Statistic analyses were performed by using SPSS 13.0 software. The data are expressed as mean ± SD. Student’s T test was used in the data statistics. Values of P < 0.05 were considered significant.
Anti-bacterial effects of berberine
As described previously, berberine has been widely used for treatment of bacterial infection disease, and presents antibacterial acitivity. However, the role of berberine in antibacterial action has not been extensively studied.
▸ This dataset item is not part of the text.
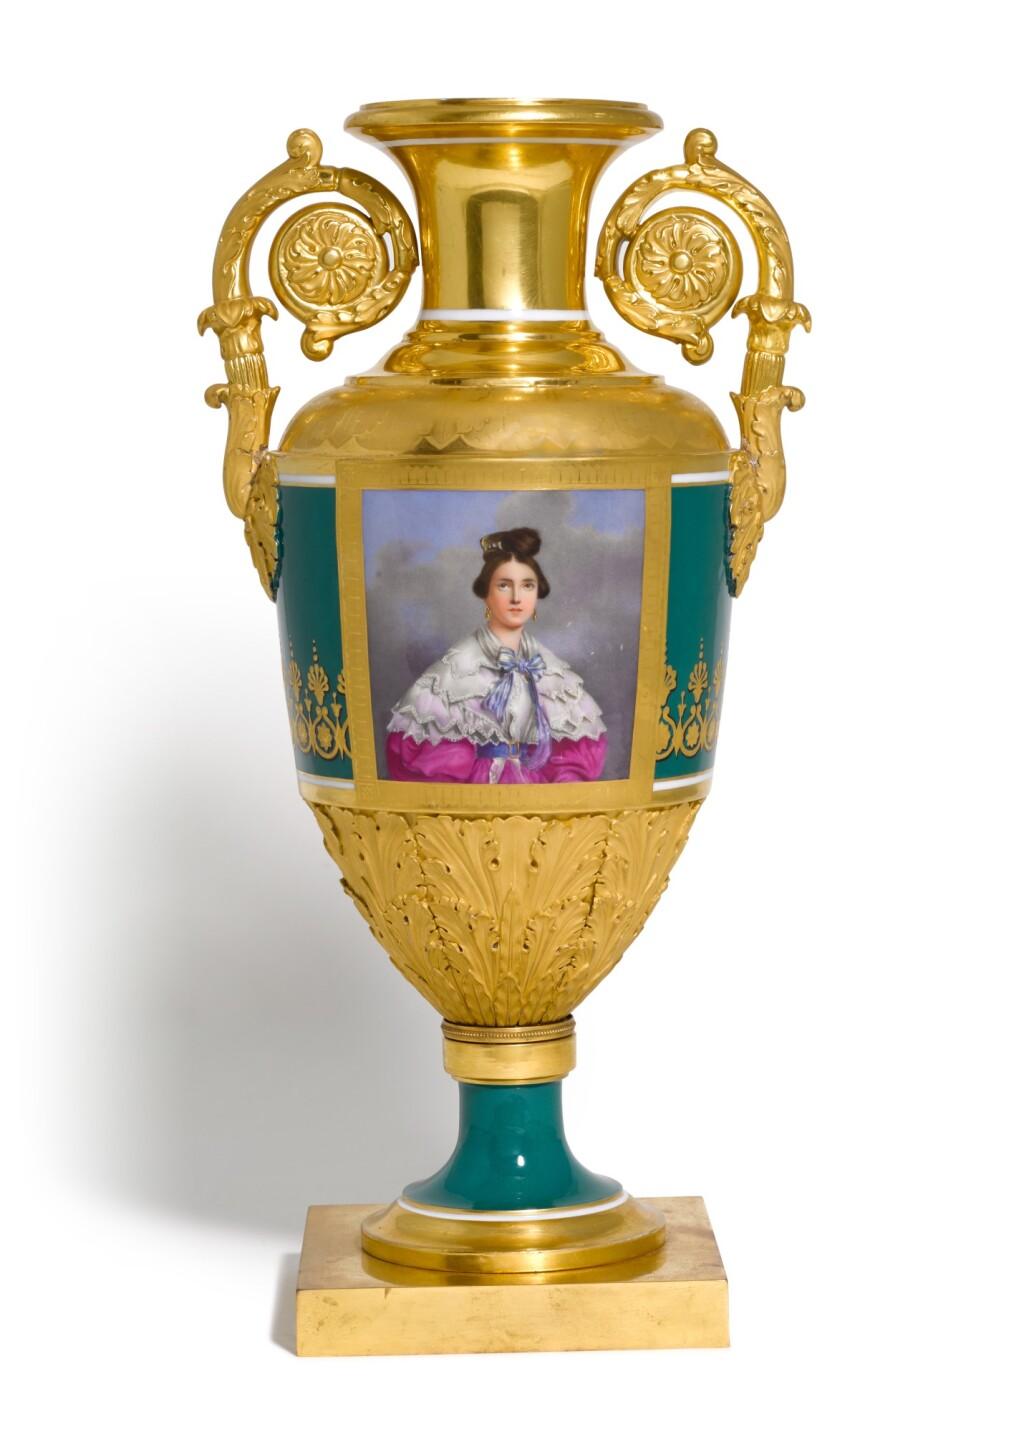 A RARE IMPERIAL PORCELAIN VASE, IMPERIAL PORCELAIN MANUFACTORY, ST PETERSBURG, PERIOD OF NICHOLAS I (1825-1855)
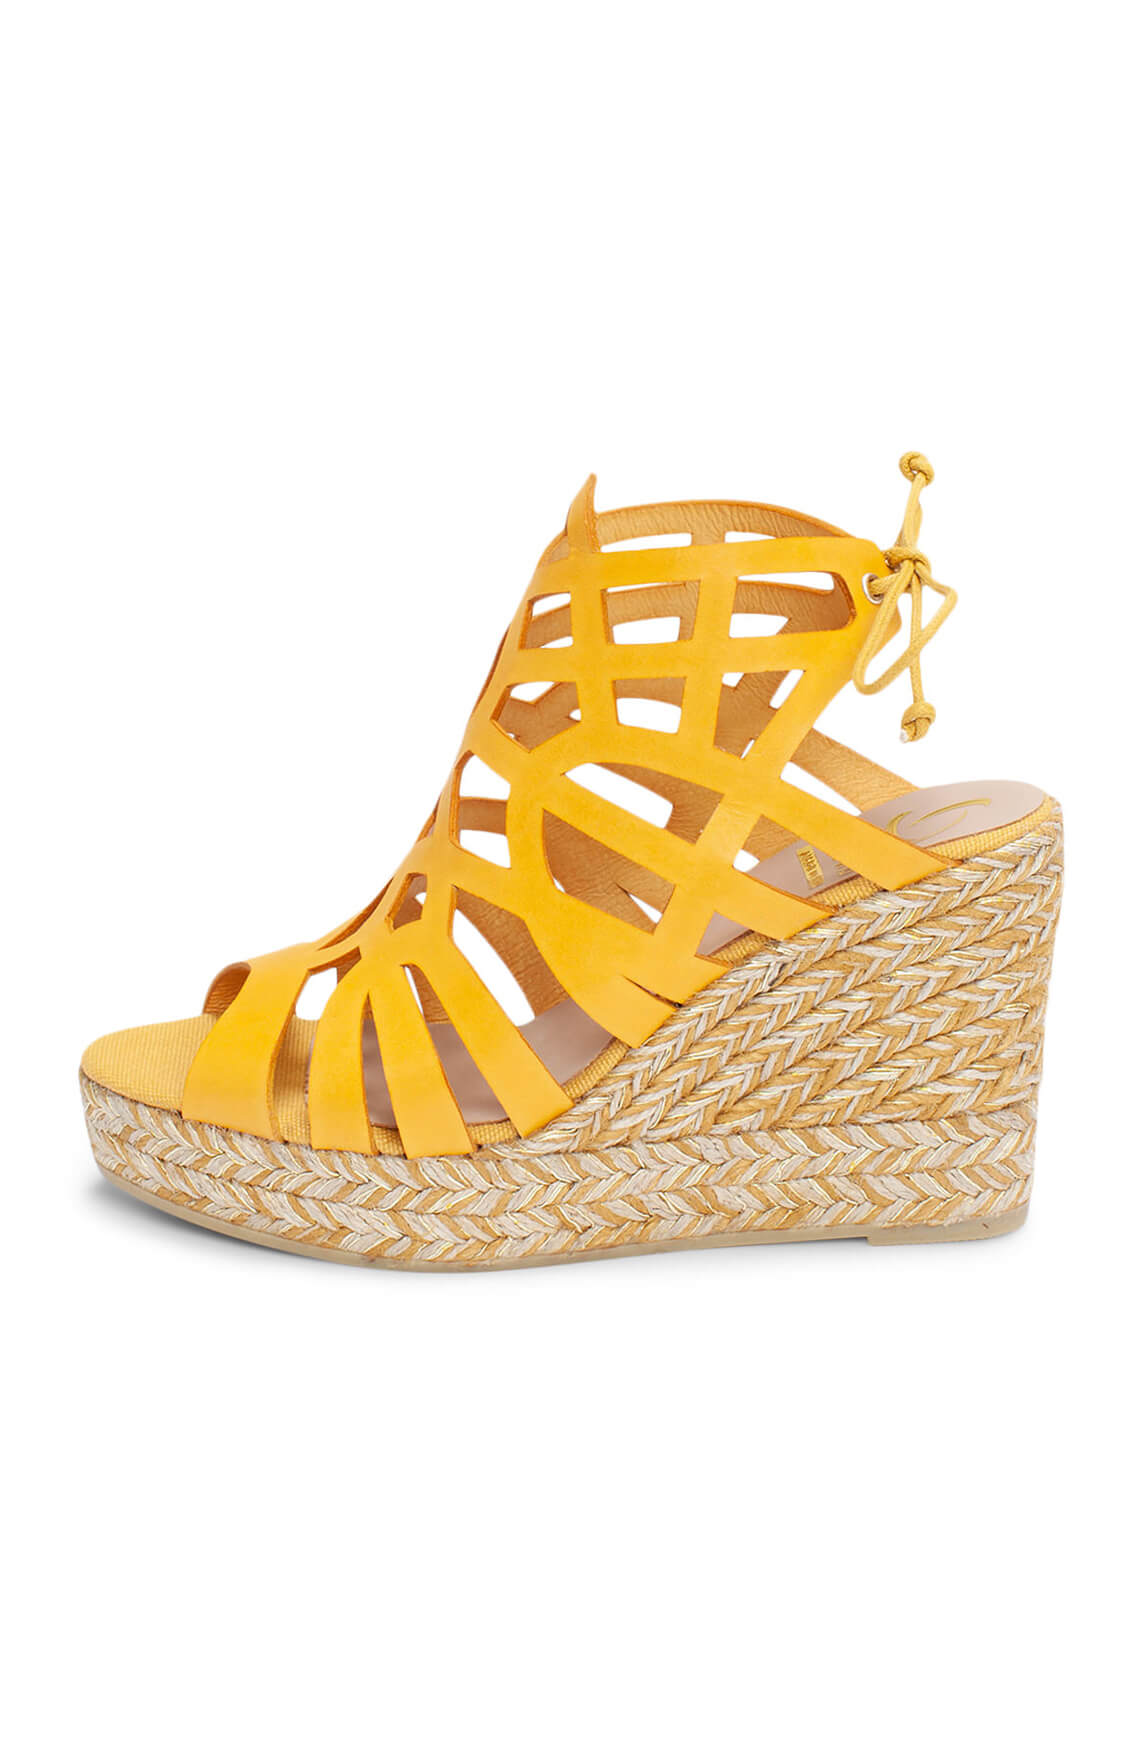 Kanna Dames Sleehak geel

Therefore, we first investigated its effect on LT2 infected mice. Preliminary test have presented the LD50 of Salmonella typhimurium LT2 gavage at 7.5 × 105 CFU per mouse and each 4-6-week old Balb/c mouse was challenged with LD50 of LT2. The results show that 50% of the mice without berberine treatment died by the end of the 8th day following infection. By contrast, after treated with 10 mg/kg, 20 mg/kg, 30 mg/kg and 40 mg/kg berberine, 60, 60, 70 and 90 percent of the infected mice survived to the 8th day, respectively (Figure 1). Meanwhile, the infected mice without berberine treatment lost 18.96 ± 2.58 percent of their body weight, whereas those in the berberine treatment group maintained or increased their weight. Meanwhile, we also proved that berberine have no effects in bacteriostasis (data not shown).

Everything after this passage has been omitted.